The school was slated for closure in 2011, in part because of declining enrollment. During its last full year under the phase-out plan it had only 13 students in a building designed to handle more than 1,000.

Four of the advocates who participated in the hunger strike said outside the school Wednesday that they are happy to be so close to having the school open again.

“We were never against art being in the school, we were against being locked out of the process,” said Jitu Brown, an organizer with the Kenwood Oakland Community Organization and one of the 15 members of the Coaltion to Revitalize Dyett that participated in the hunger strike.

He said he and others from the protest have been able to collaborate with teachers in the school on a curriculum that highlights the history of the Bronzeville community and the school’s place in it.

“I am a history teacher and the history of this school is amazing,” said Quinton Clemons, the school’s new history teacher, who is in his second year teaching high school. “I kind of feel like I’m part of history.”

Brown said he and others from the hunger strike are still frustrated that CPS will wait until 2018 before holding elections for a local school council.

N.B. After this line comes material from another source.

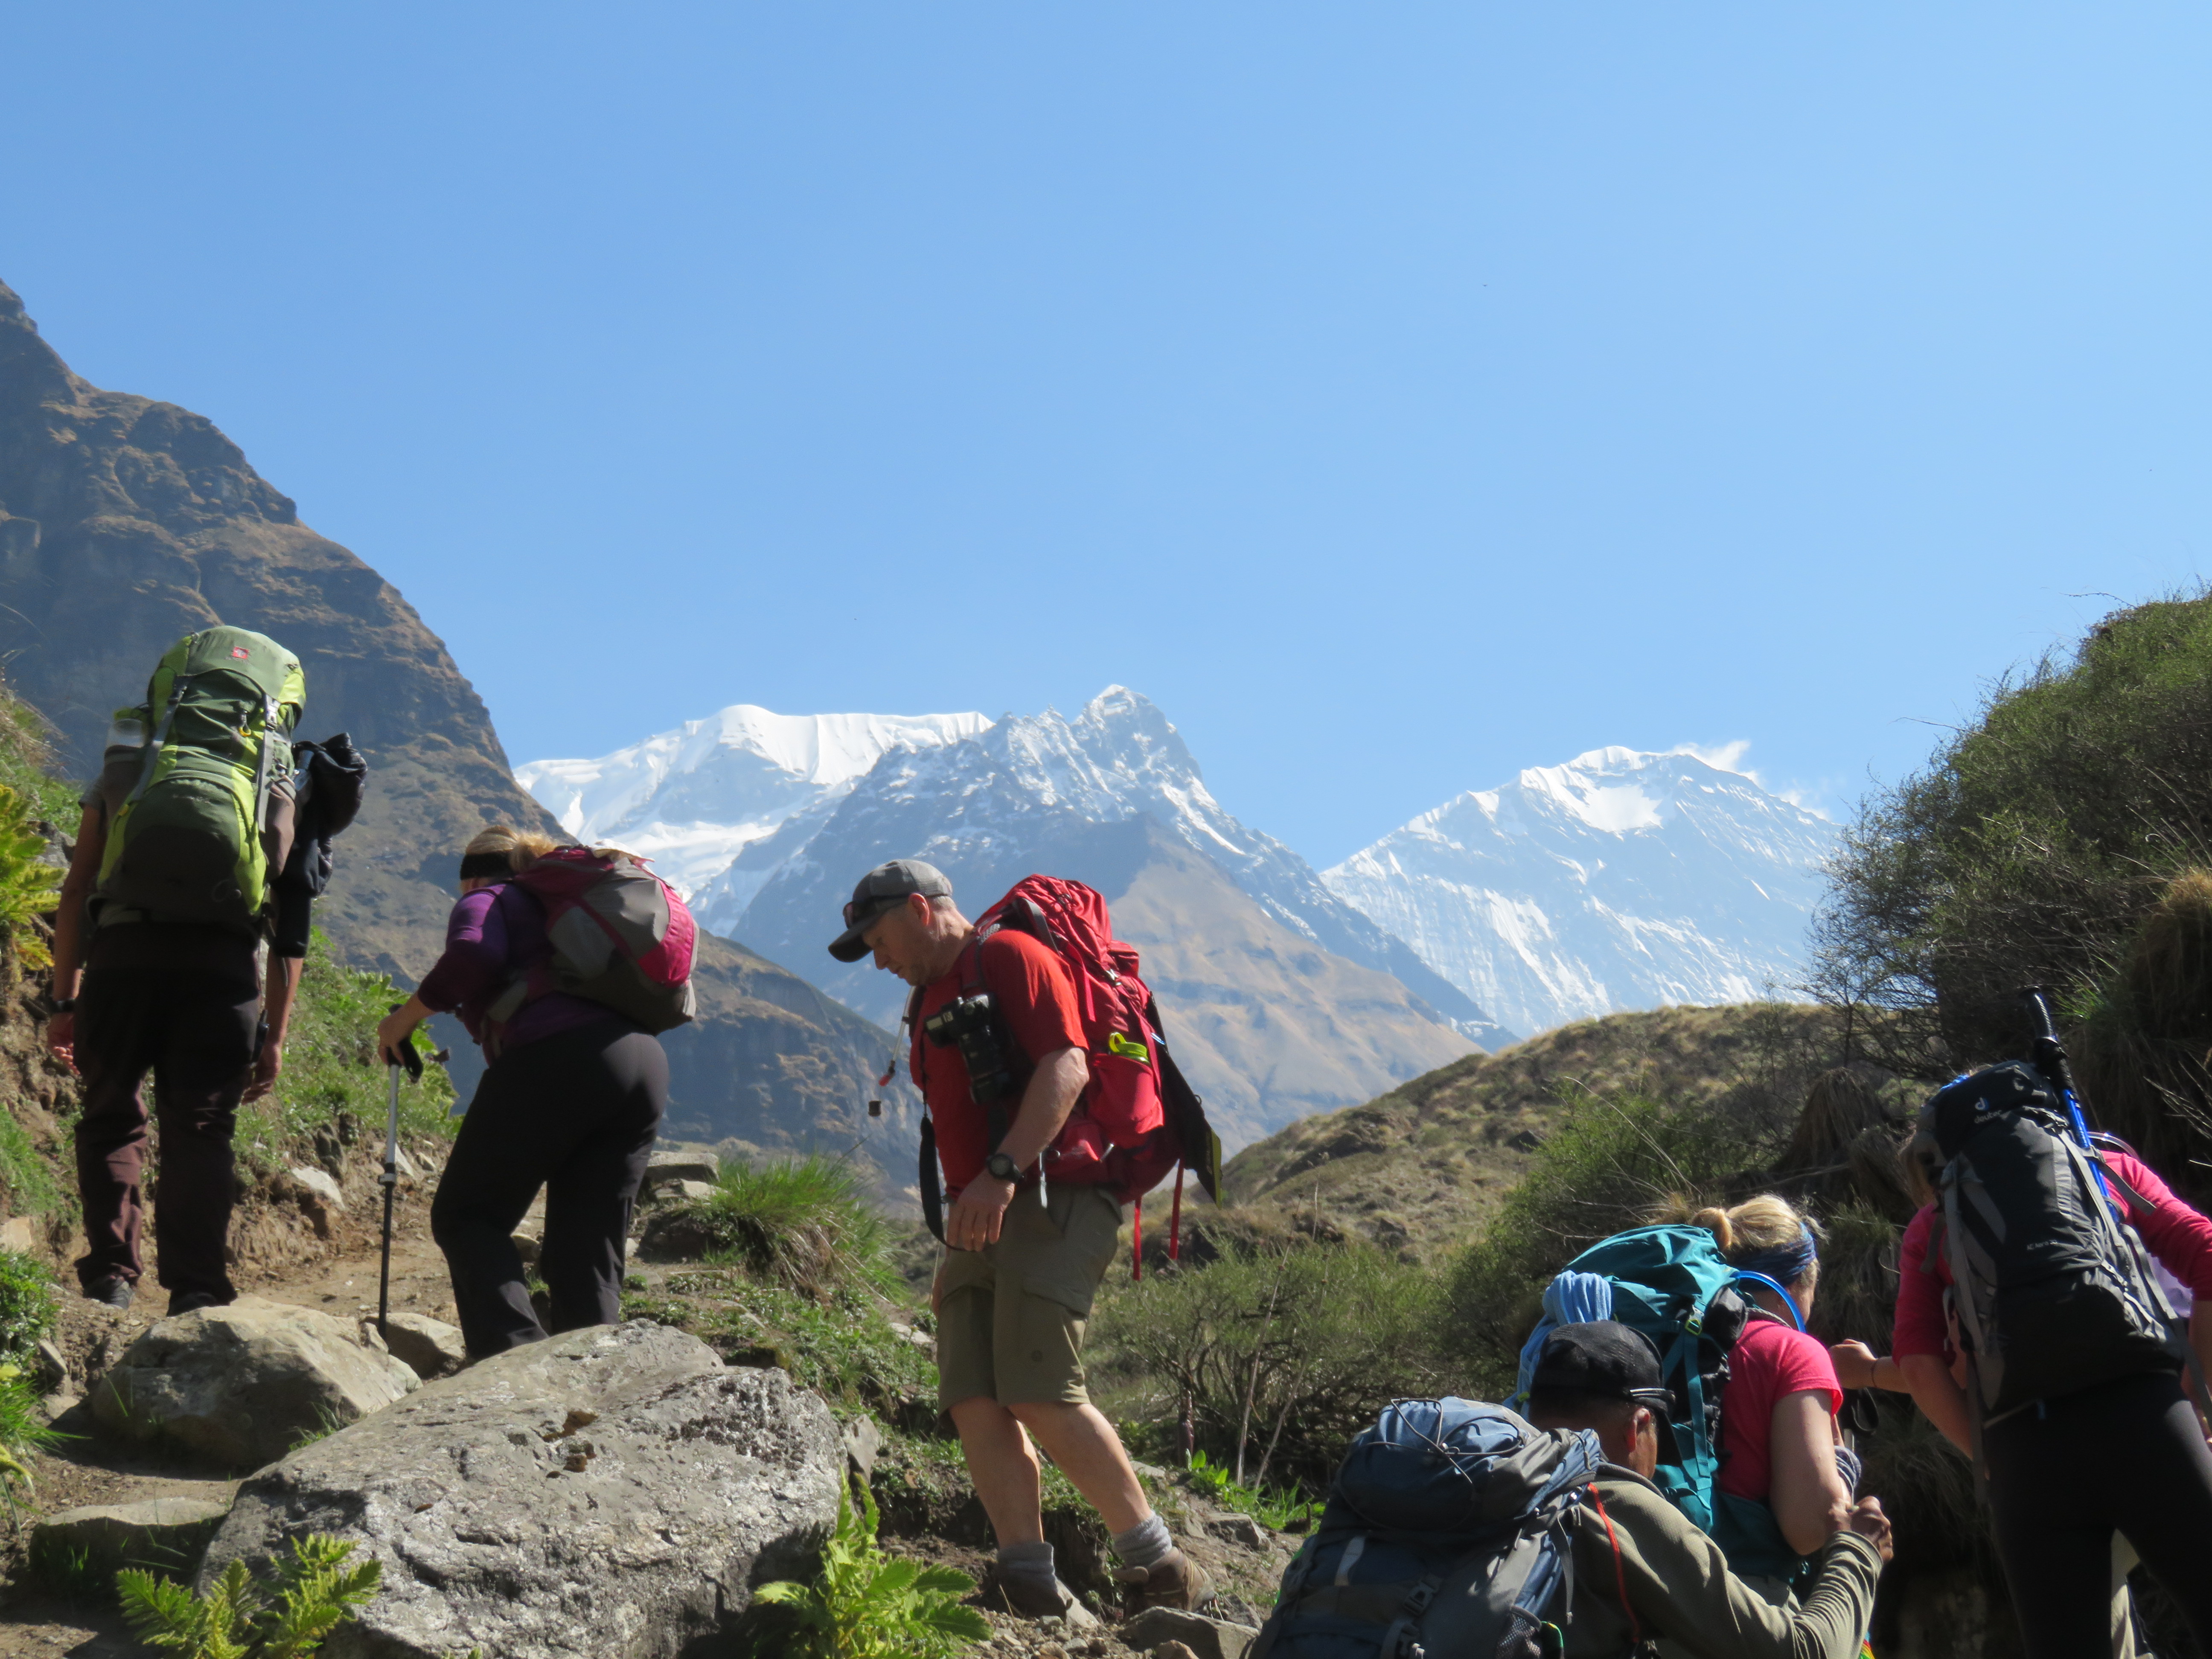 Packing for your Annapurna Base Camp Trek
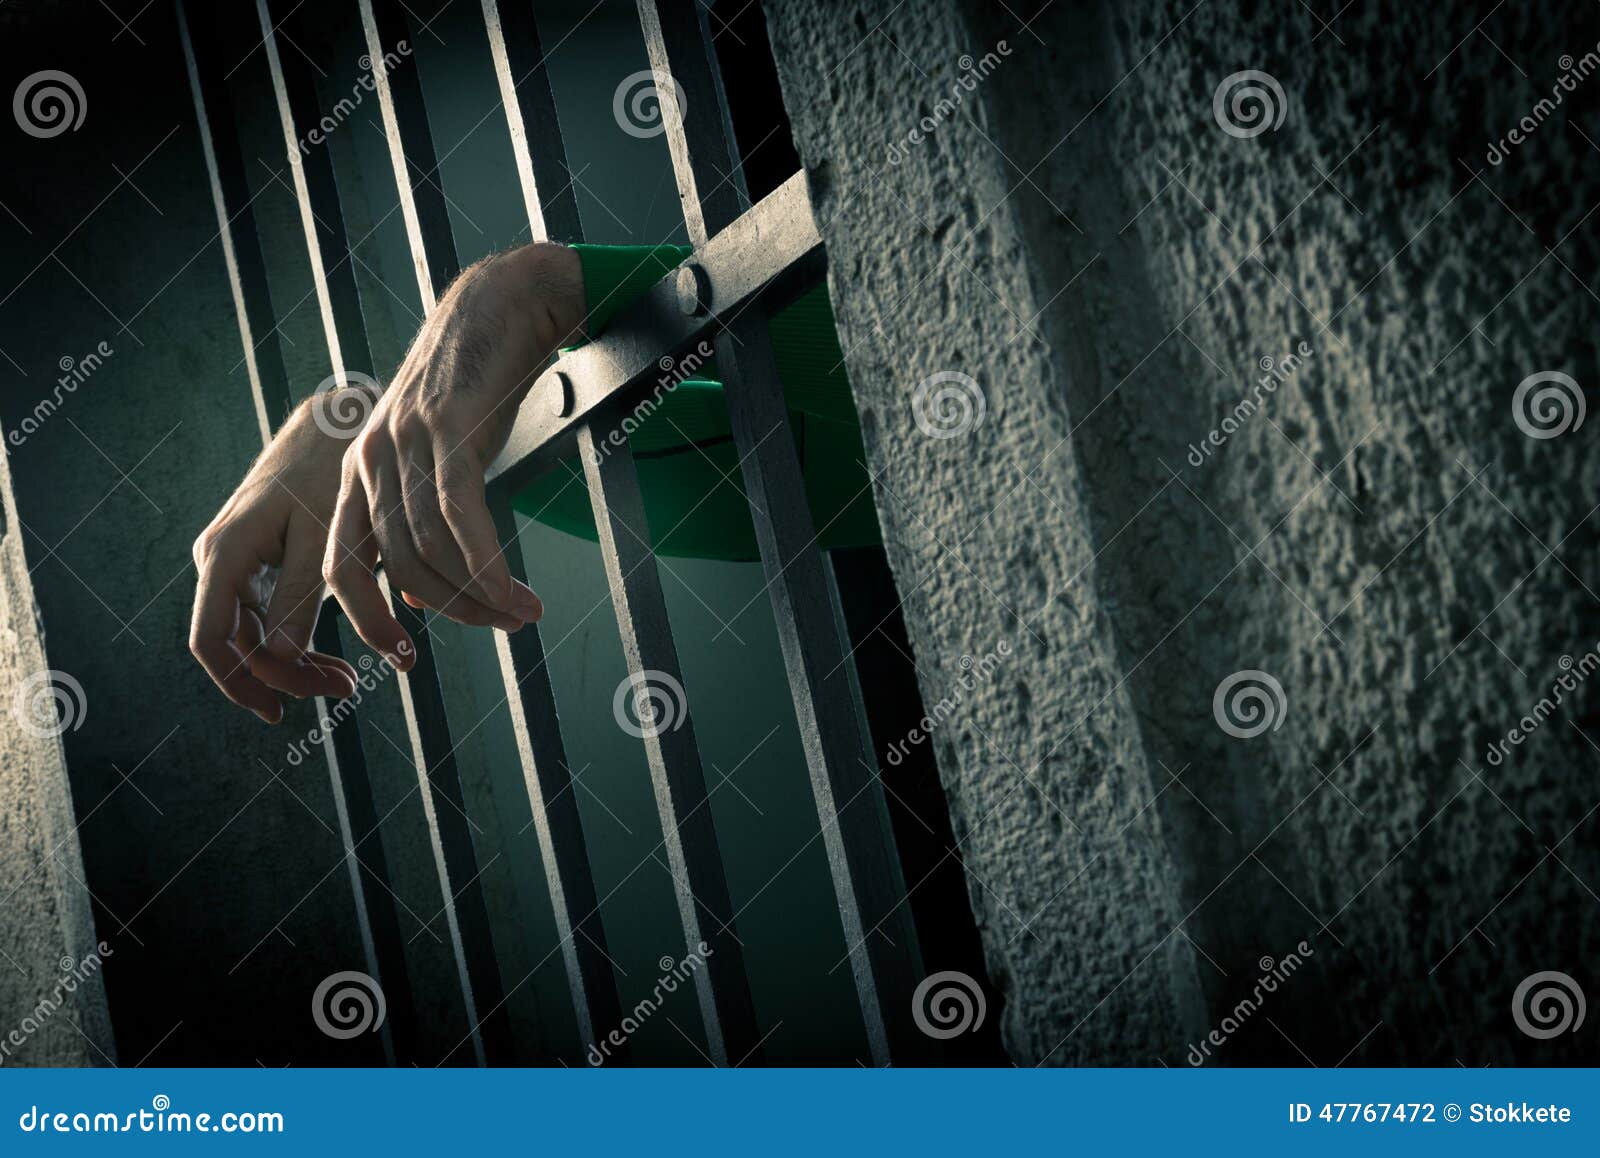 man in jail hands close-up

Jackson said it is CPS policy for new schools to have a parent advisory council until there are at least three grades of students enrolled at the school.

Jeannette Taylor, another hunger striker, said she is holding off on enrolling her freshman daughter in Dyett until she sees how open administrators are and how inclusive the school is of parents and the community during its first year.

Dyett reopens to 150 freshmen at 8 a.m. on Sept. 6 with nine teachers and one paraprofessional.

Class sizes are expected to be 28-30 students and the school is now expected to eventually enroll 800-900 students, according to Jackson, up from an estimated 550 last fall.

A spokeswoman for CPS was not immediately able to provide a breakdown of how the $14.6 million was spent on Dyett.